3 thoughts on “Add a new line whenever the first column changes

  • Len Richards

    why are answers always based on non windows systems where ” is required instead of ‘ this answer with all the ” and ‘ is impossible to figure out to make on windows based gnu system

    • George

      A terminal-based application has no user interface, so the user interacts with the application by entering a command, which returns text output directly. Compared to GUIs, these applications are lightweight, require fewer system resources, and launch faster.

      Terminal-based applications can be launched locally or remotely. Therefore, you can log onto a system remotely, using a terminal emulator, and then launch the application by entering commands in the terminal. The application is very easy to control remotely as long as a terminal emulator is installed on the system.

      These types of applications can easily get integrated into multiple other applications without the need for extensive customization.
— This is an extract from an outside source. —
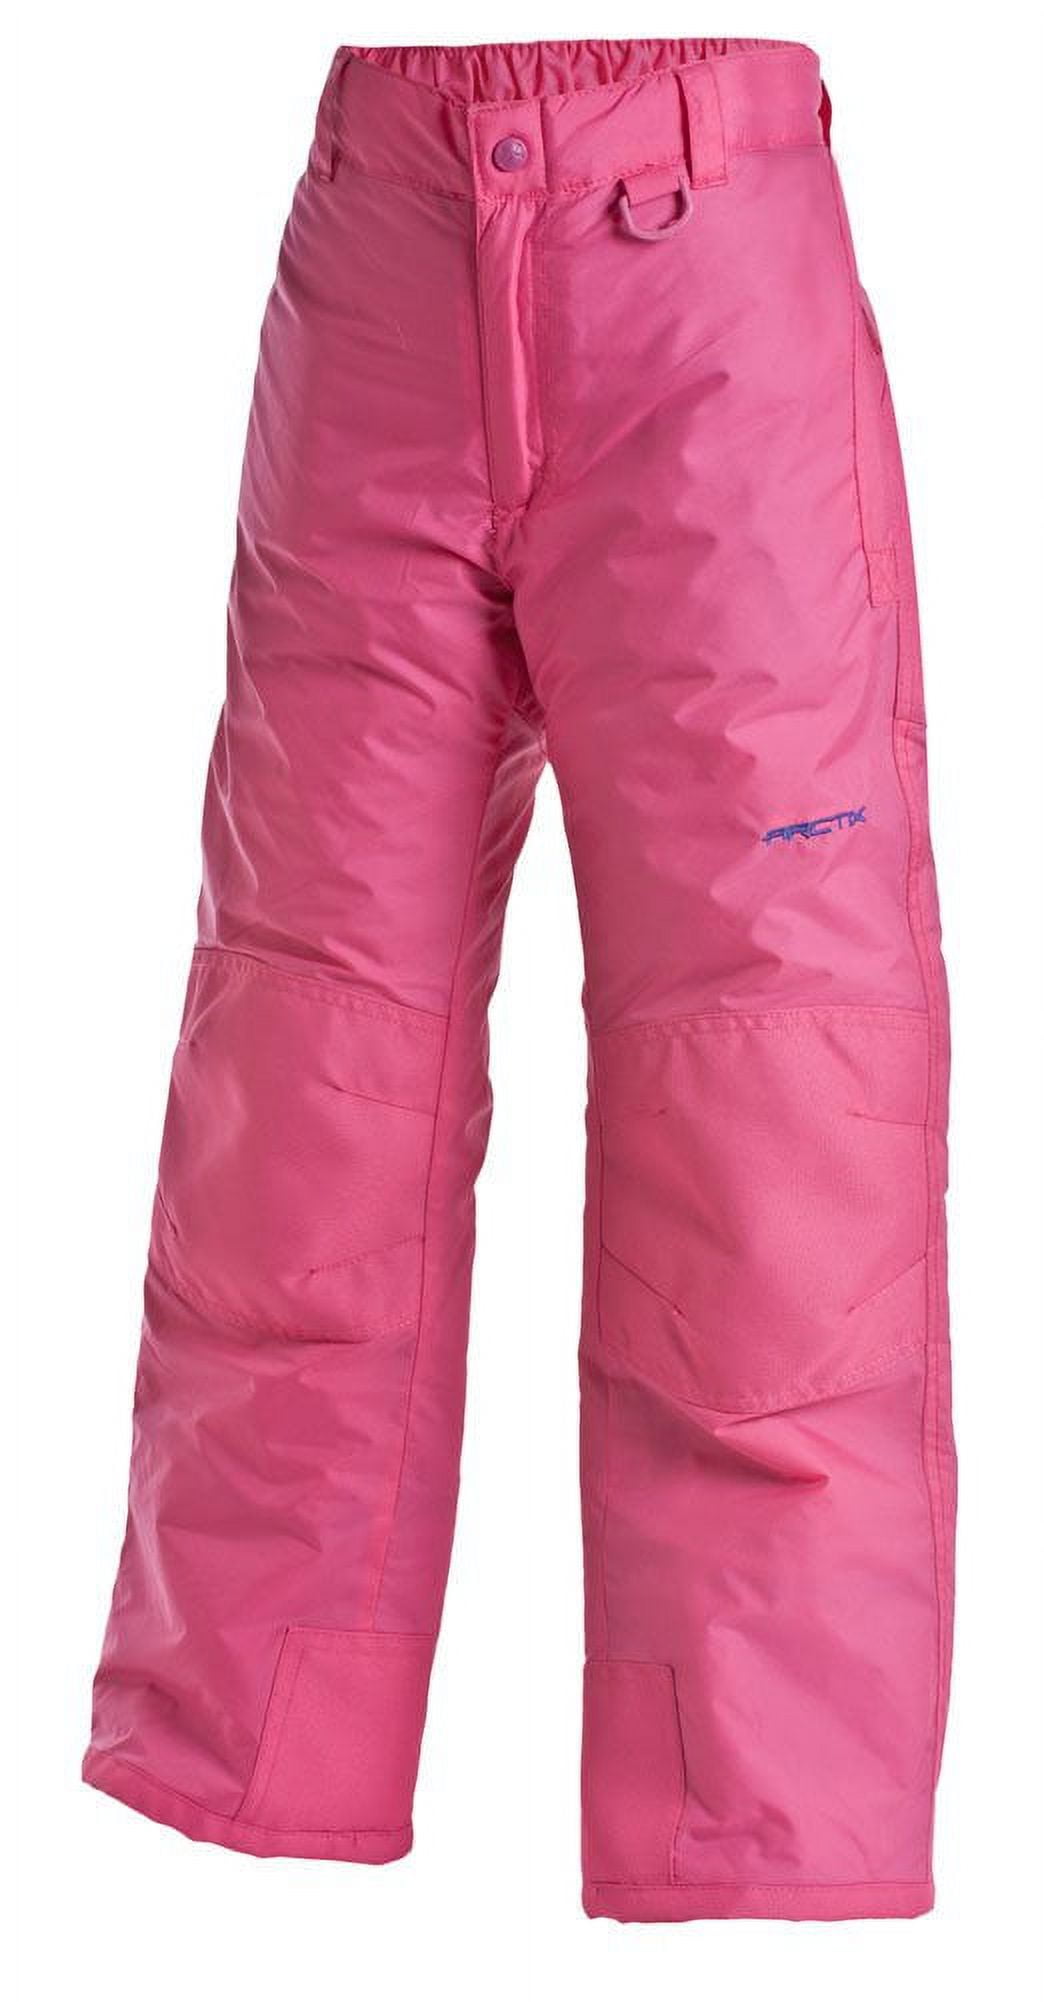 Arctix Youth Snow Pants with Reinforced Knees and Seat - Fuchsia

      From a UX perspective, terminal consoles have a few key advantages over GUI’s. These advantages are rarely relevant to end-users, which is why CLI’s are used almost exclusively by technical users and “power users” these days.

      *Things done in a terminal are easily repeatable.*

      Imagine needing to configure 5 computers for some purpose. For this small number, it’s probably not worthwhile to create an automated solution to configure them all. You’ll just tweak the settings of each.
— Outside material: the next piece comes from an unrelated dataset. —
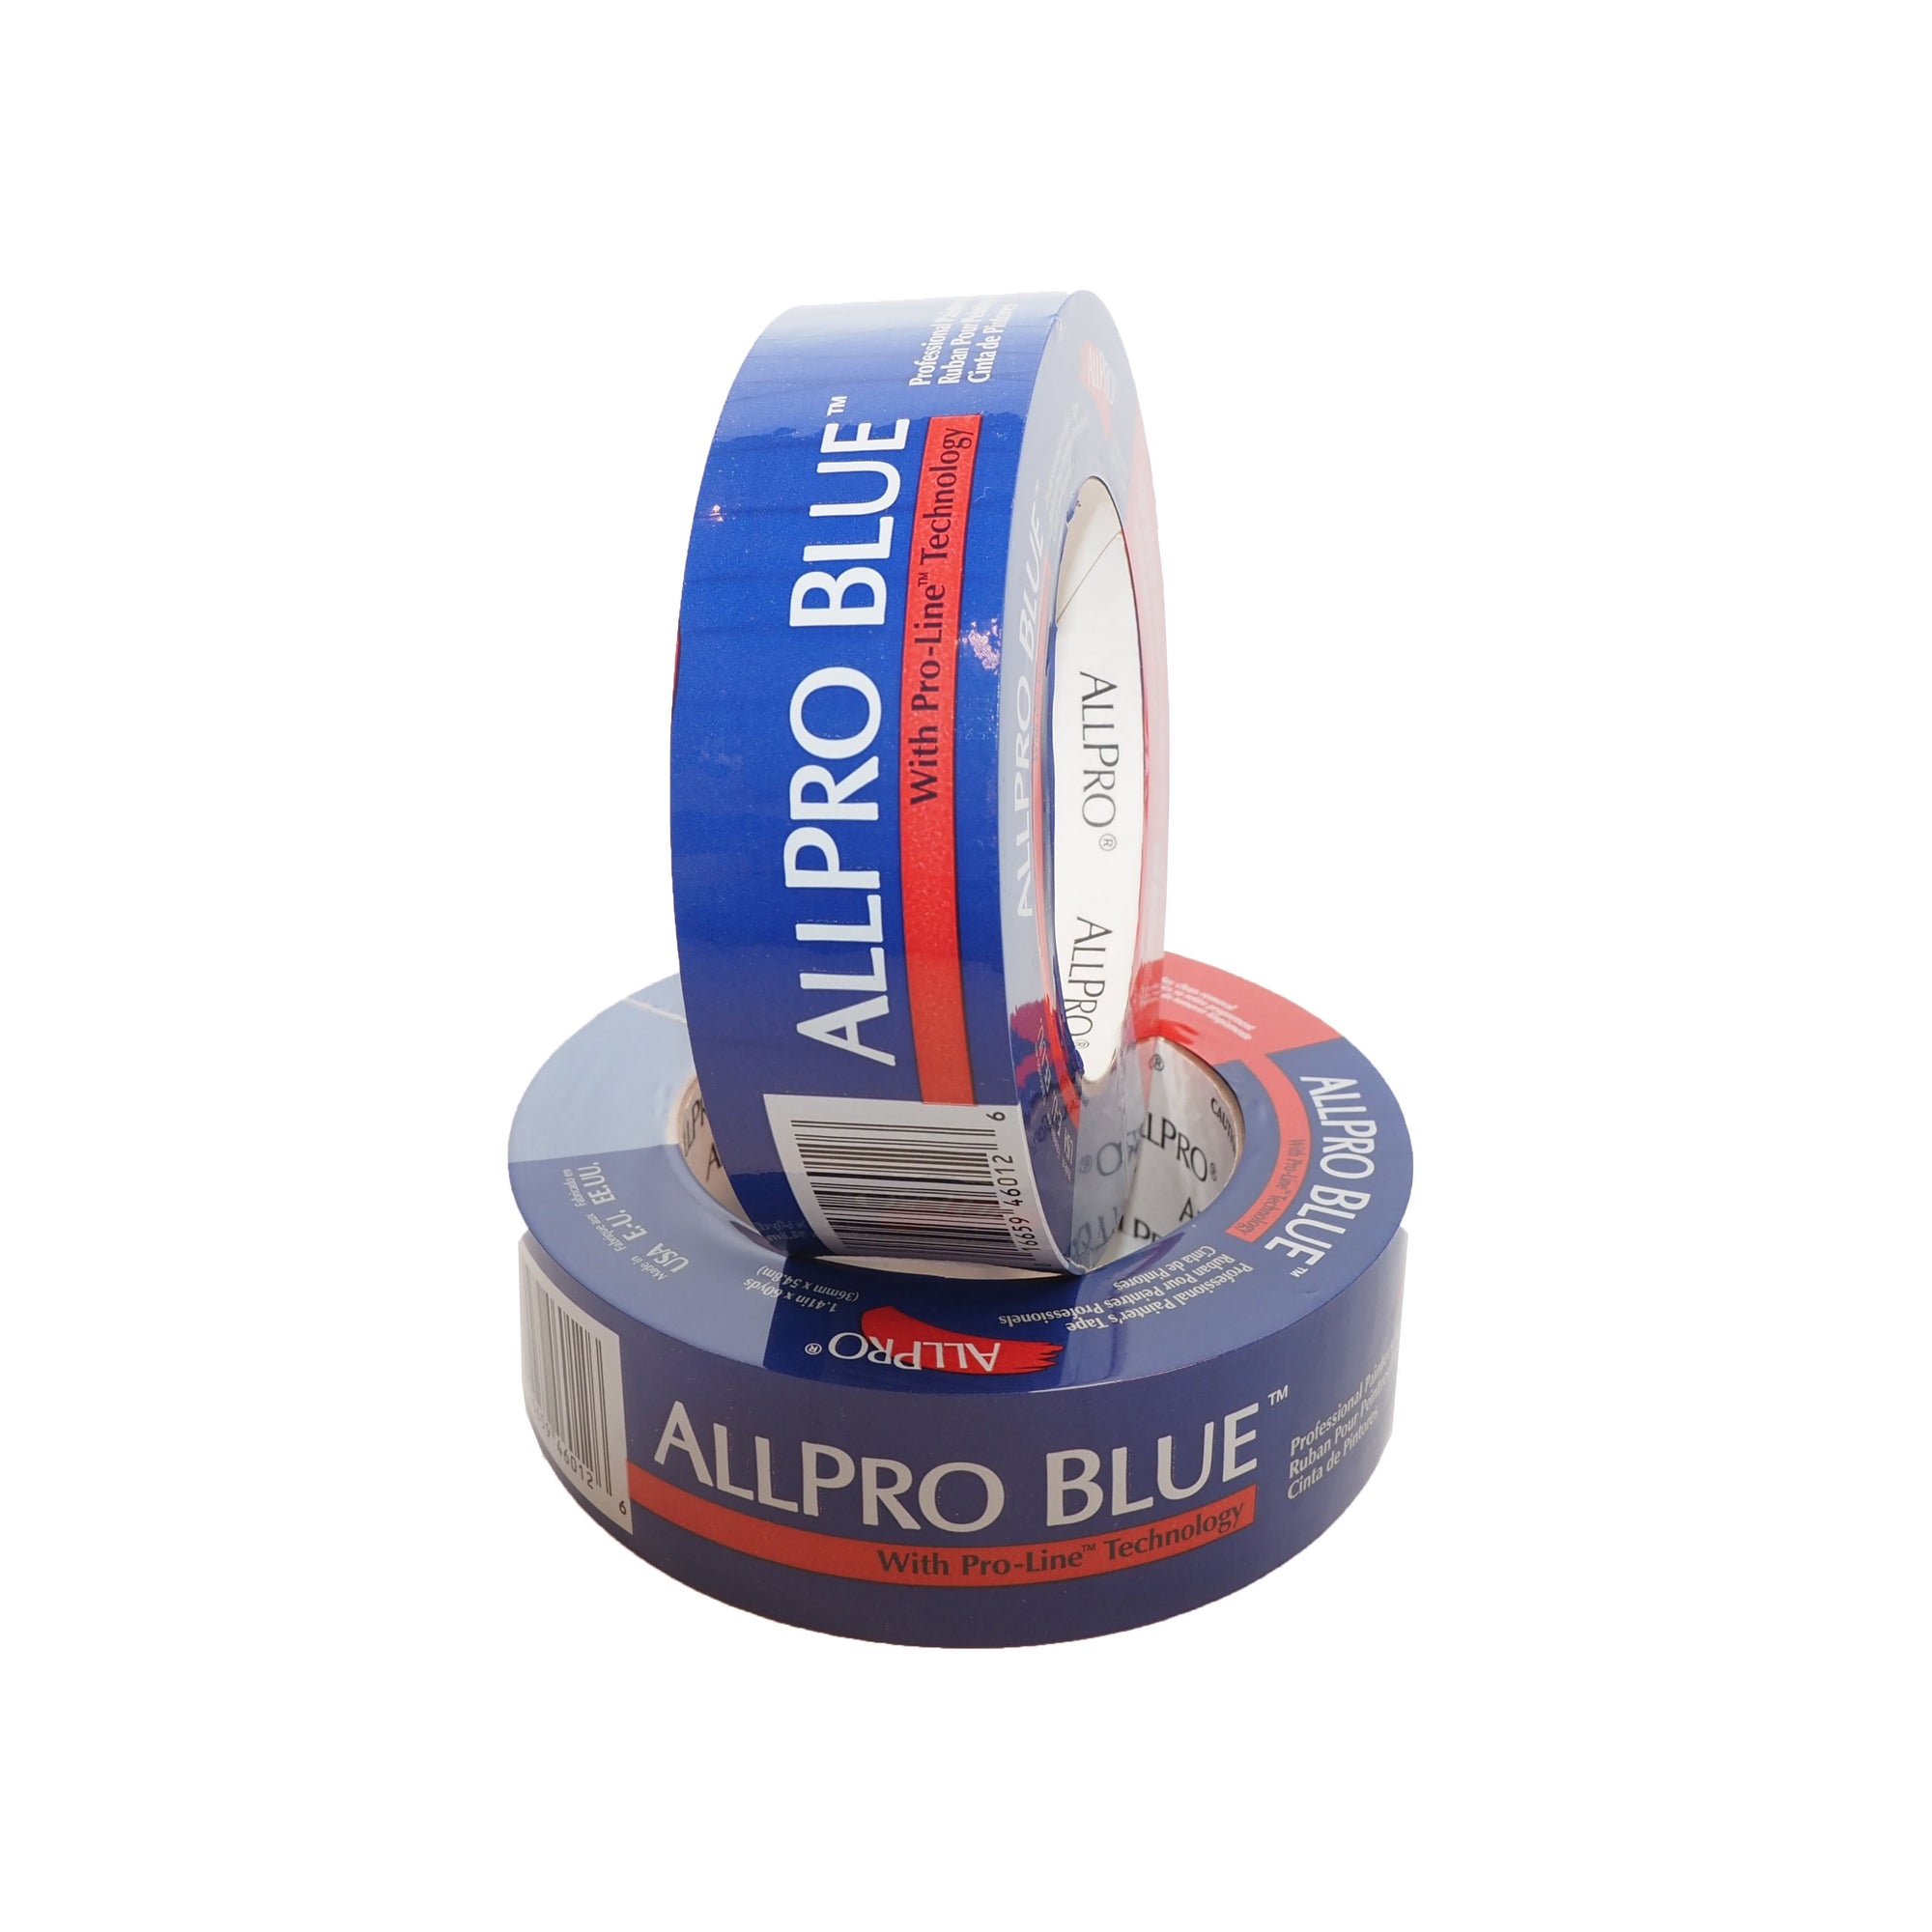 Allpro Blue Masking Tape, available at Catalina Paints in Los Angeles County, CA.

      On a terminal, it’s simple to copy and paste the commands. On a GUI, you might get familiar with where the configurations are stored, but may still be left with a fair deal of clicking. Mistakes are more likely.
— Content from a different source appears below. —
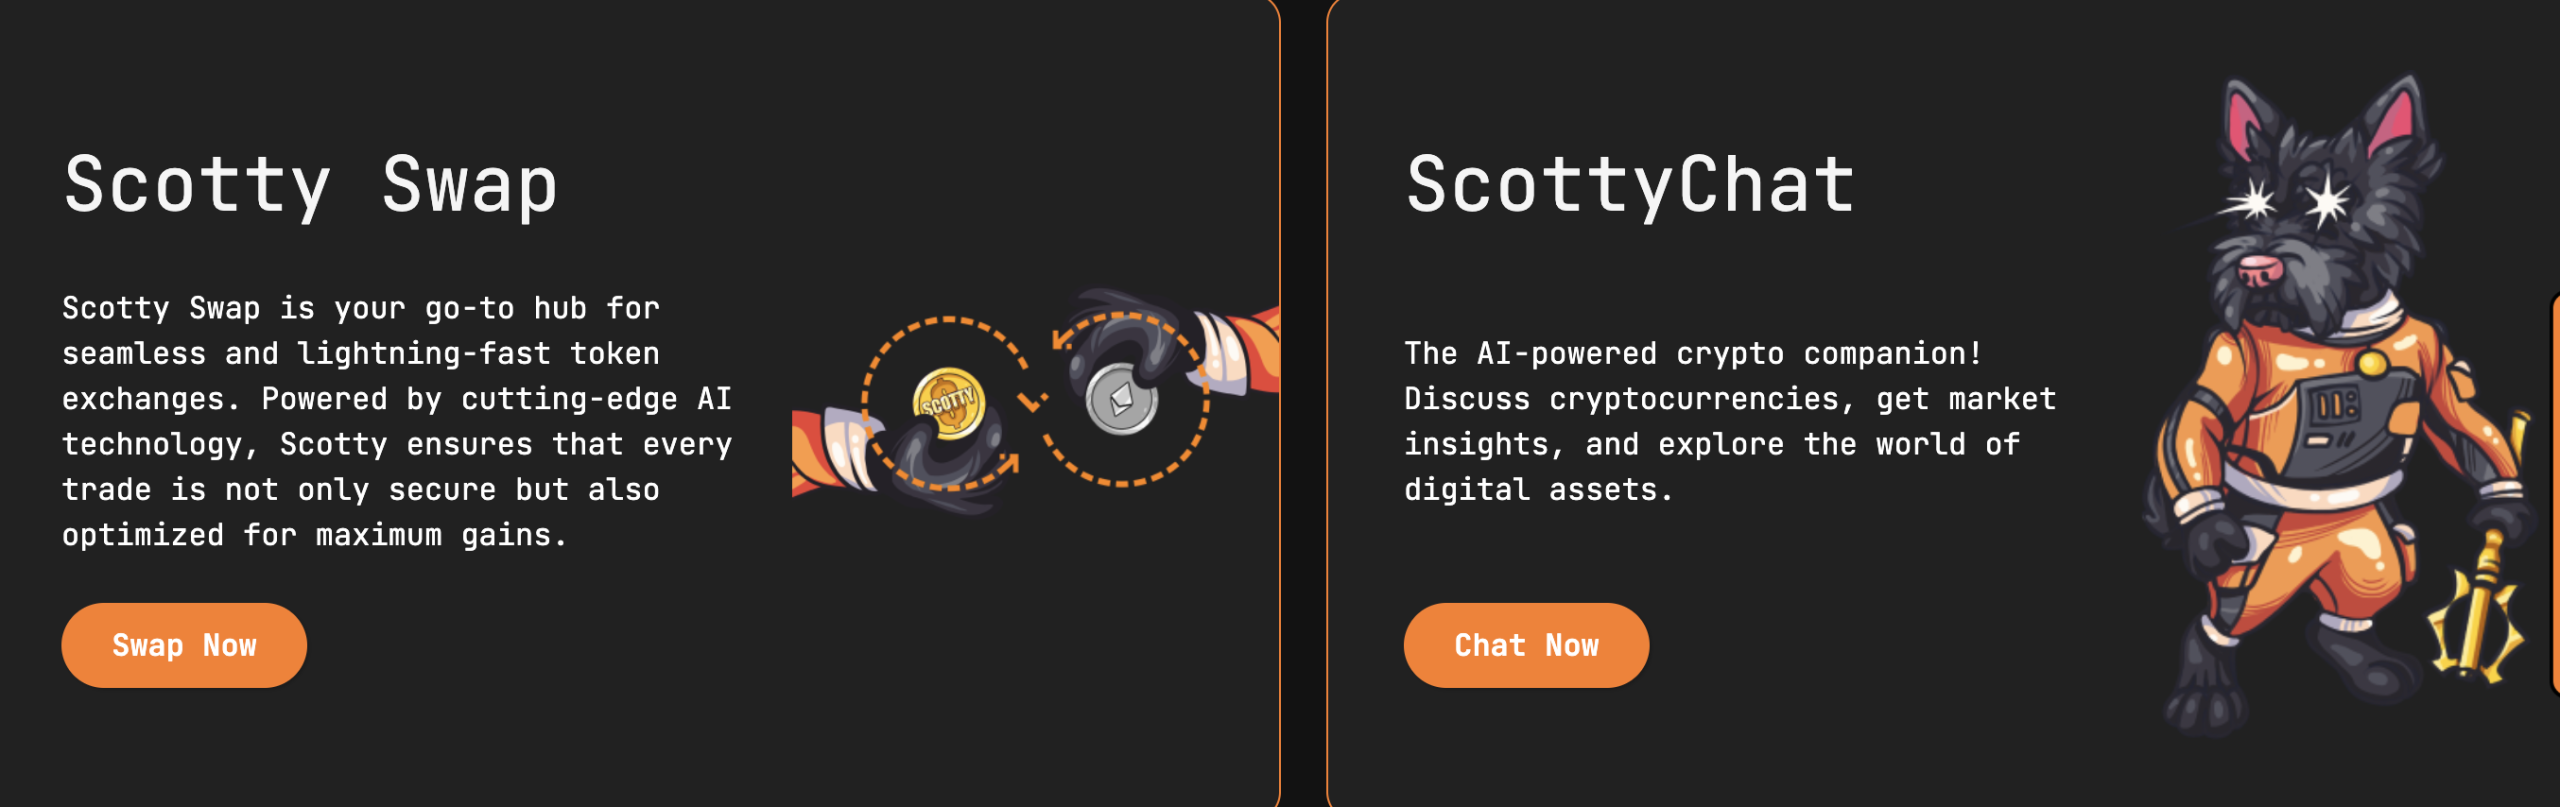 Scotty the AI features

      This also is relevant to documentation and technical help. Providing four lines to copy and paste into a terminal console might replace a couple paragraphs of explanation of how to click into various admin tools (especially since the GUI directions might only be perfect for one of several interfaces, see “GUI interfaces are countless” below).

      *Tracking/auditing is easier*

      A command-line interface (CLI) retains a record of what you’ve done, which you can easily extract and keep. When something goes wrong your boss asks, “Are you sure you did it exactly right?” you can have evidence to prove you did. Even if you did make a mistake, you can more easily see it and learn from it.

      *Scripting/automating is nearly as easy as entering commands*

      Everyone knows how to use a mouse to open a file in a GUI. Far fewer people know how to make that happen automatically. With a CLI, automating the task can be almost as easy as typing it in by hand.

      *Technological Constraints can still make CLI’s compelling*

      Logging into a GUI box remotely requires a fair deal of bandwidth, and latency (delay in the connection) can make the experience frustrating. A CLI remote login has a much lower bandwidth requirement, since it is just transmitting a little text back and forth. And latency is much easier to deal with when you are typing, than when you are trying to hover a mouse over an icon.

      *A CLI can be used for Input/Output*

      Some have called this The Age of the API, where systems are built on top of systems. A CLI allows a similar interoperability. In the question’s example about Git, it would be possible to hook another “enterprise system” – such as a defect tracking system.

      Compared to a SOAP or even Rest API, CLI commands can be easy to develop and test.

      *There are just a few standard shells; GUI interfaces are countless*

      If you log into the GUI admin interface of a few different web hosting services, you’ll probably see that they are all different. It’s not hard to poke around and figure out where everything is, but it takes time. Next year, the host may have upgraded their solution, and now everything is in a slightly different place — one more thing to learn.

      That hosting service probably still uses the same CLI. The new version is backward compatible with the old. Users familiar with Bash, PowerShell, or whatever CLI is on the system can eliminate the ramp-up time spent familiarizing (or re-familiarizing) themselves with that particular GUI.